Şu anda ameliyattasın, yaşam mücadelesi veriyorsun. Sesimi sana duyuramıyorum ama tüm kalbimle seninleyim. Ellerim ellerinde yüreğim yüreğinde Hüseyin abi. İnanıyorum ki o masadan daha iyi ve sağlık dolu bir şekilde kalkacaksın. Atlatacaksın bu günün en zor anını. Barış umutların en yüksek olduğu böylesi bir dönemin tüm güzelliklerine şahitlik etmeye devam edeceksin. Sen bunu en çok hak edenlerden birisin. O yüzden asla sevgili Sırrı Süreya Önder’in yaptığını yapmayacaksın. Bizi erken terk etmeyeceksin. Sen zindandaki tüm insanların sesi, sözü, çığlığı oldun. En kadim yoldaşımız, dostumuz olarak seni biliriz biz zindanlılar Hüseyin abi. O yüzden bu gecenin her anı sana şifa versin, yarının sabahında iyileştiğinin müjdecisi olsun. Bu dünya sensiz kalmasın be abimiz.

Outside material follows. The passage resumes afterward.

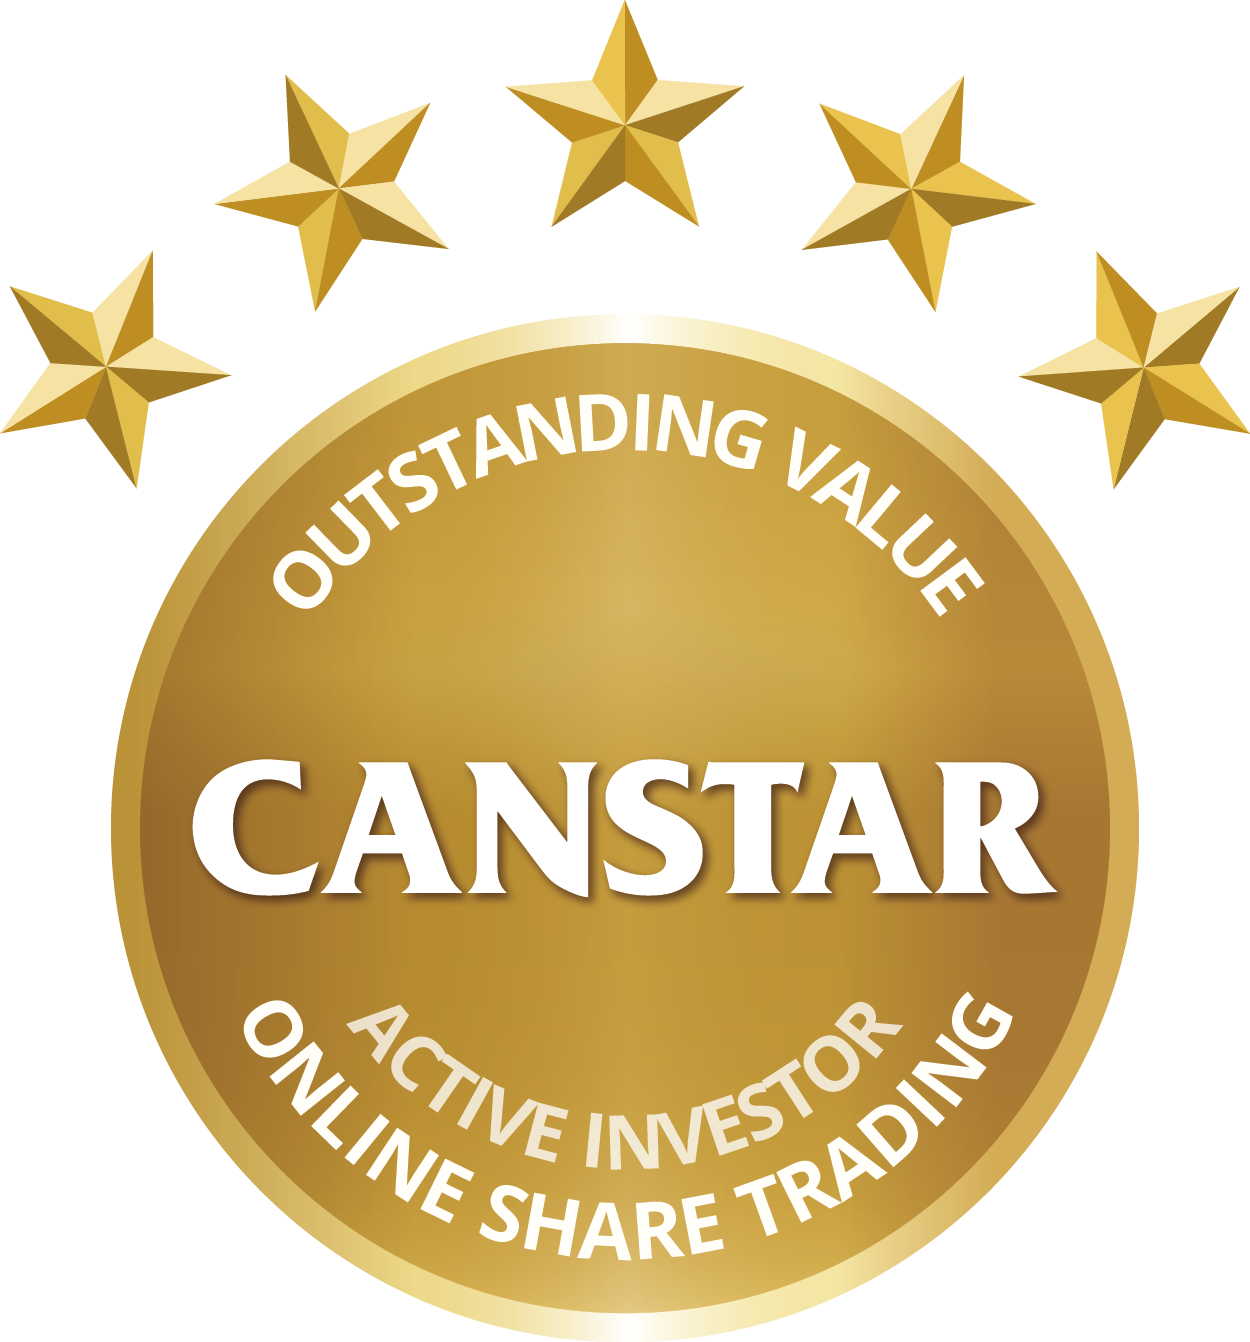 Canstar Outstanding Value for Active Investors
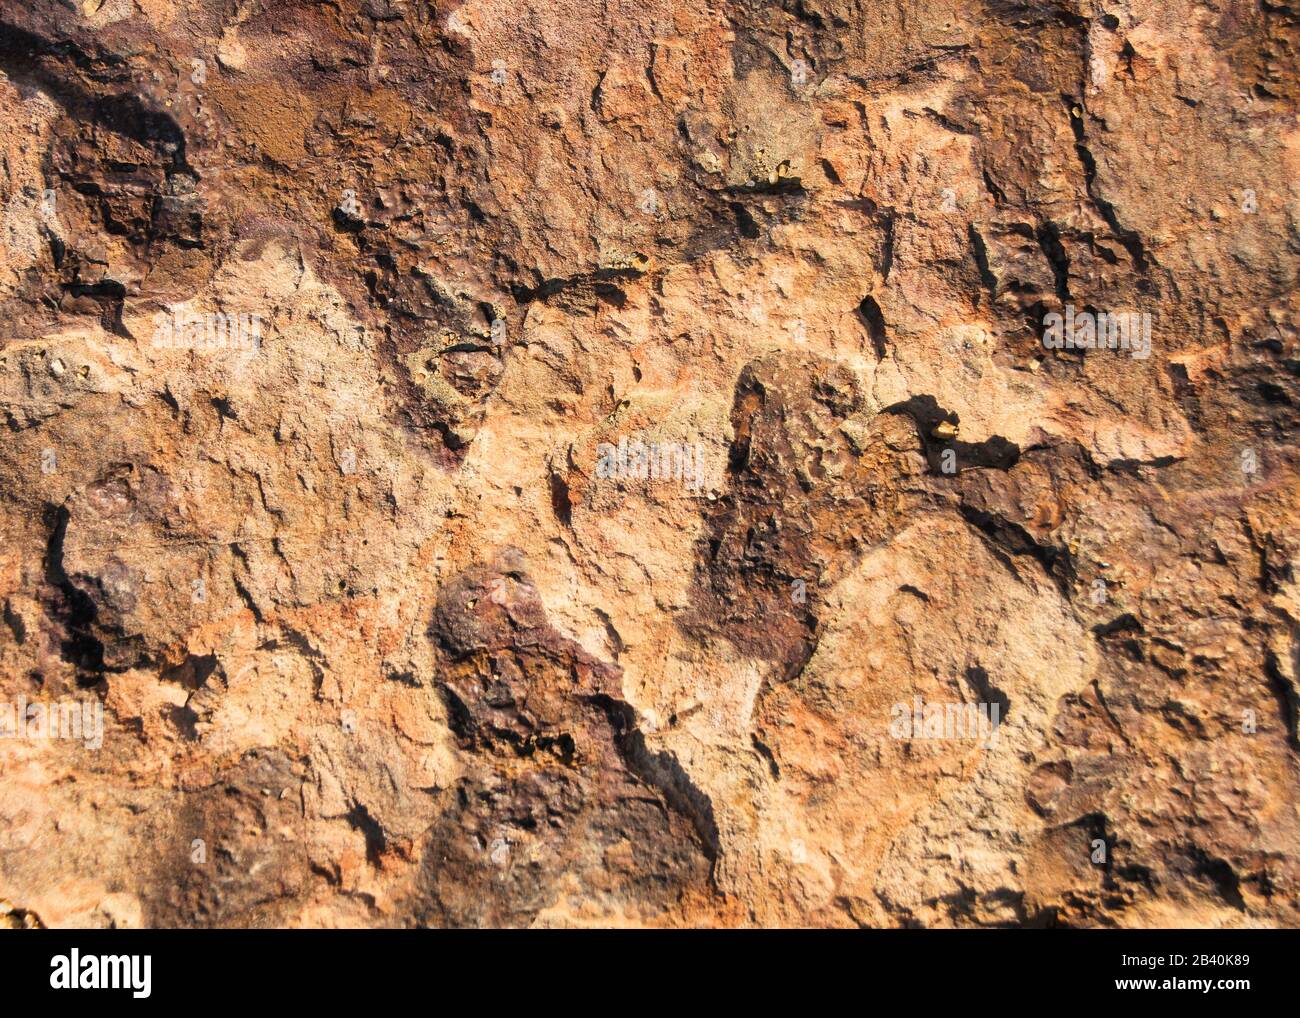 A close up view of rough hewn and peeling red brown rock. Stock Photo

‘Yoldaşlığınıza ihtiyacımız var’
16 yıldır zindanda hep seninle dışarıda bir gün mutlaka görüşeceğimizin planlamasıyla yaşadım. Tahliye olduğumda ilk işlerimden biri gelip seni ziyaret edip, o meşhur posta kutuna bakmaktı. Seni gönderdiğimiz mektuplardaki tekrar sorularla (gerçi bunu her erkek arkadaşlar yapardı) kızdırır, haftalık köşende ironi sözlerinle bizlere yaptığın saydırmalarla bile nasıl can olduğunu bol bol paylaşmayı planladım. Halen sana özel yaptığım birçok planlamalar geçerliliğini koruyor. Bunları mutlaka gerçekleştireceğiz.
O yüzden sen bir an önce iyileşmeye bak abim. Bizim senin yoldaşlığına ve o güzel yüreğine çok ihtiyacımız var. Bizi kendindeki güzelliklerden mahrum etme. Biz seninle iyi ve mutluyuz. Bir an önce kalk ve sana yazdığım bu mektubu posta kutundan alıp oku ne olursun. Kalbim şu anda çok acı çekiyor. Korkularımın gerçek olmasını istemiyorum. Duygularım da çok karışık. Ağlamaklı bir halde yazıyorum bunu sana. Her şeye rağmen iyi olacağını umut ederek bitiriyorum bu mektubu. Uzun cevabımı, senin her zaman yaptığın gibi yazıp göndereceğim.”